For several years now, MatMul has been favored, which means GPUs that are good at MalMul are favored, and those GPUs are optimized to be extra good at—you guessed it—MatMul. Even if this research result is totally correct and a MatMul-free architecture would perform better in the abstract, many different stakeholders would have to get together to make it happen.

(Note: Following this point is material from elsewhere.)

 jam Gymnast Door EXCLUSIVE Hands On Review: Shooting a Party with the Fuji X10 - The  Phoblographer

And it’s not just hardware! The qualified engineers, too—of which there is a rather limited capacity on the entire planet, fueling their very high salaries—have honed their instincts on the current paradigm. There’s a lot of new math to learn, then master, then make absolutely secondhand. Math like this (from the paper):

Nothing the most talented machine learning engineers in the world can’t figure out, but there’s a difference between understanding and deep understanding. The actual state of the art sometimes advances by yolo runs, and the powerfully honed instinct behind these runs isn’t developed overnight.

So even if this new architecture is a superior alternative, it might take a long time before its benefits outweigh its costs in practice. At least until we start hitting some walls, and architectural shifts are the only way forward.

Not tested at scale

The authors list this limitation in their conclusion, along with an exhortation for top labs to give their new architecture a try, like so:

However, one limitation of our work is that the MatMul-free LM has not been tested on extremely large-scale models (e.g., 100B+ parameters) due to computational constraints. This work serves as a call to action for institutions and organizations that have the resources to build the largest language models to invest in accelerating lightweight models.

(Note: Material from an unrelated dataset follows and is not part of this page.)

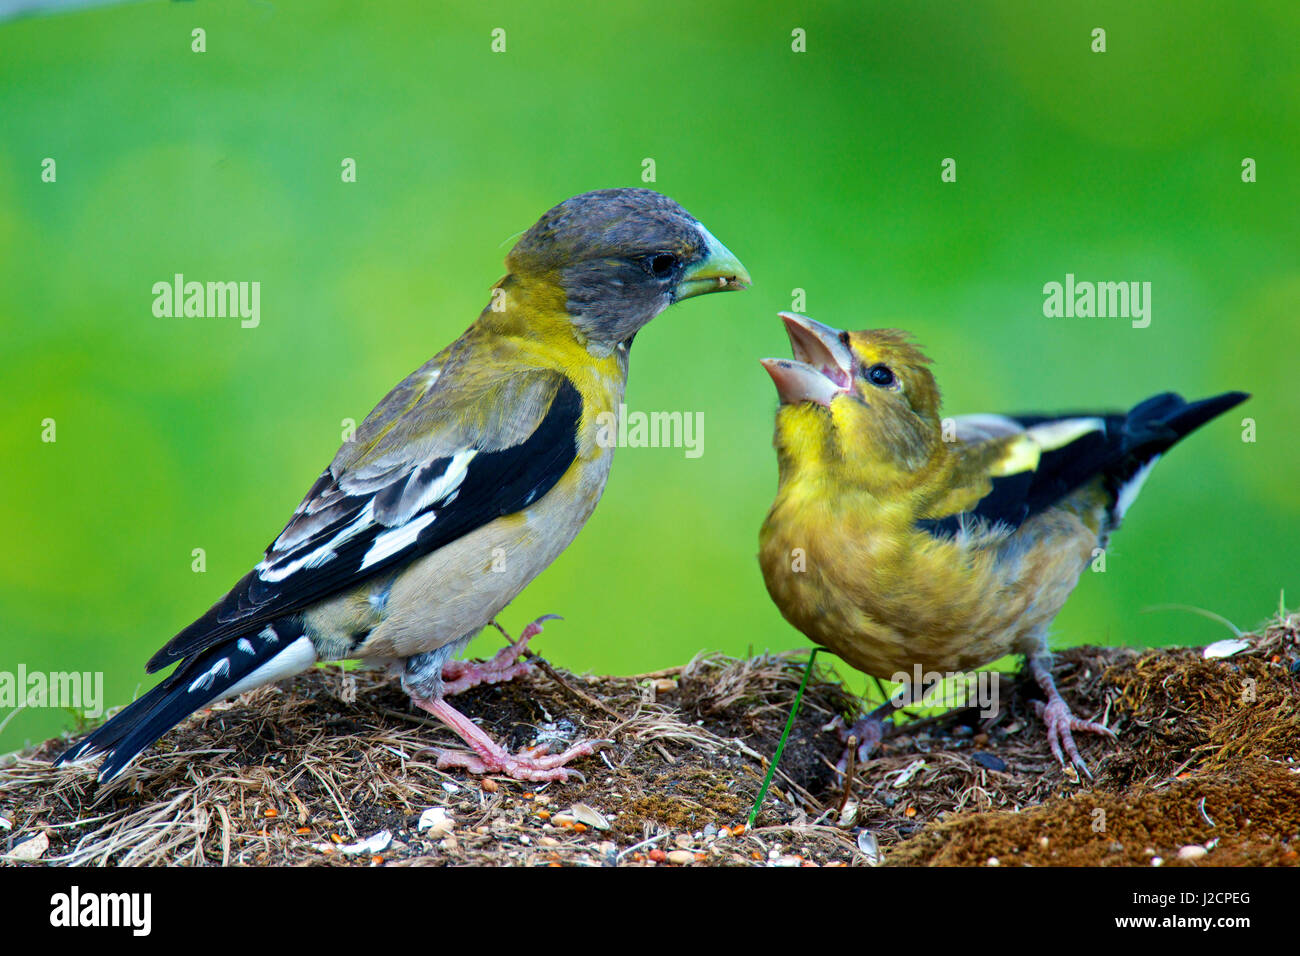 The evening grosbeak (Hesperiphona vespertina) is a passerine bird in the finch family Fringillidae. The breeding habitat is coniferous and mixed forest in Canada and the western mountainous areas of the United States. Young being fed. Stock Photo

Fair enough! And indeed, outside of major labs (which keep their lips zipped), you’re not going to find the compute you need to test this stuff at 100B scale. But part of the reason transformer scaling laws are so important is because they have been proven to work over quite a large range. With a new architecture, you can’t totally assume that new, different scaling laws will be equally ironclad.

Nor would it be that easy to test, even for top labs. Training huge models is expensive, and doing it right would likely require new hardware and lots of retraining for many of the most in-demand employees in the world. It’s not easy to see if or when that’ll be a priority.^[4]

Not tested vs. cutting edge

This objection feels a little mean, but while the MatMul-free paper does test its new architecture against a strong open source implementation, it doesn’t benchmark itself against the cutting edge in absolute terms, because the real cutting edge is behind lock and key at top labs.

Of course, you have to measure against what you have, and it’s not like they are pumping up their numbers by comparing to obviously outdated architecture. But they aren’t proving that their new methods do well against the current best AI models. Which, again, is a reason for some doubt.

So… sell NVIDIA?

This is so not investment advice, but I mean, I haven’t.

I do think it’s an exciting sign (or a scary one) that we’re seeing research, in public, that suggests fundamental improvements to transformers architecture. Whether they truly are improvements, and whether those improvements can overcome years of inertia, remains to be seen.

In the meantime, provisionally, it’s time for new Anki cards.

^
Okay, not literally, since computational complexity doesn’t scale linearly with model size. But if you thought of that, why didn’t you skip the introduction?
^
They represent the current state of the art with the architecture of Llama 2, a not-exactly-cutting-edge but pretty good (and relatively open source) model.
^
Notably, one of the things Zhu et al. do in the paper is build custom hardware to better support their new architecture. Doing this as a proof of concept is really exciting, but very different from changing industrial processes at scale!
^
Or maybe it was already a priority two years ago, in secret, and all the top players are already doing it! Simply no way to know, though we might have seen reverberations in NVIDIA chip design, if that were true.